Tuesday, February 3, 2015

Talking Special Snowflakes and Strange Stars with Trey Causey

Resplendent in its Star Frontiers-homage, full color cover, Trey Causey's Strange Stars setting book has finally hit the virtual stands both in PDF and print form. Having watched this product grow from a wee germinal of an idea--and had any number of rambling, tangential conversations with Trey along the way--I feel entirely to close to give the book a decent, critical review. (But really you should buy this thing, it's one of the best pieces to come out of the tsunami wave of DIY hobbyist products in recent months).

A little more interesting is to open that conversation stream a little to a broader audience (as I did with his Weird Adventures) to hear the what and why that went into the making of SS.

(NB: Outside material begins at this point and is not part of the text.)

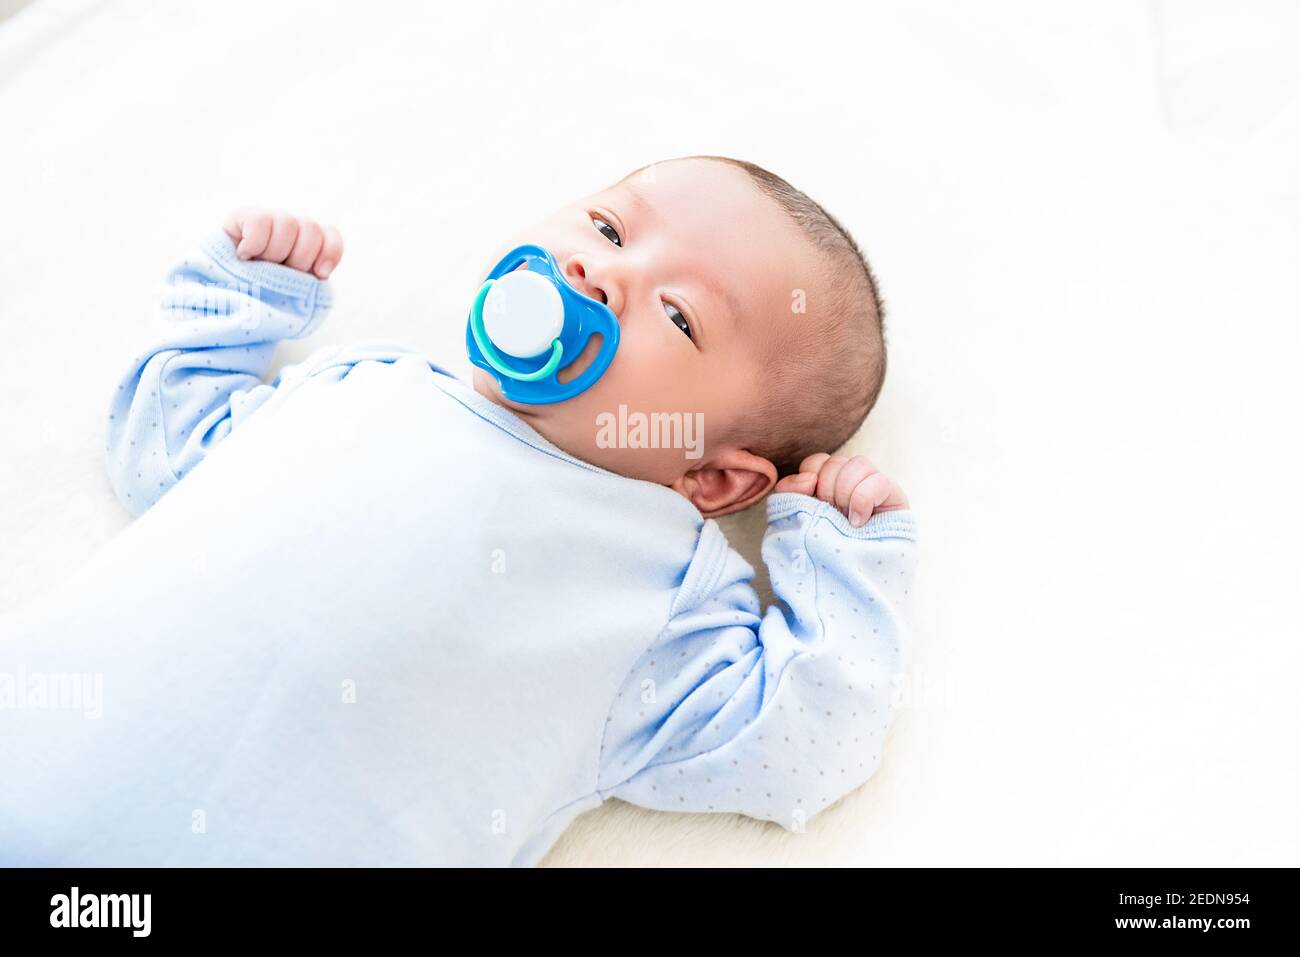 Liebenswert kleines neugeborenes Baby liegt auf weißem Bettlaken mit Dummy in ihrem Mund Stockfoto

Hill Cantons: Let's talk Strange Stars. I will admit to being deeply fascinated watching you grow these worlds and products bit by bit from the floor level via posts on your blog, From the Sorcerer's Skull. The sepia/black and white images and little digressions that came out with Weird Adventures sucked me in and kept me pulling for you all the way to press time. Tell me about how SS came to be and how it developed on the blog. What moved you to do this and what was the process like doing it in this slow reveal-by-blog type way?

Trey Causey: With doing a blog six days a week at one point (now roughly five), I spend a lot of time brainstorming/daydreaming content. I had toyed with a couple of science fictional concepts that didn’t quite take off (though I’d sort of like to return to them one day) like an alt-history pulp space and a science fantasy Greek mythology thing. One sort of fun (I thought) but largely throwaway post I did was on Talislanta as a space opera setting. That post got some positive feedback, which always tends to prompt me to expand on an idea a bit more.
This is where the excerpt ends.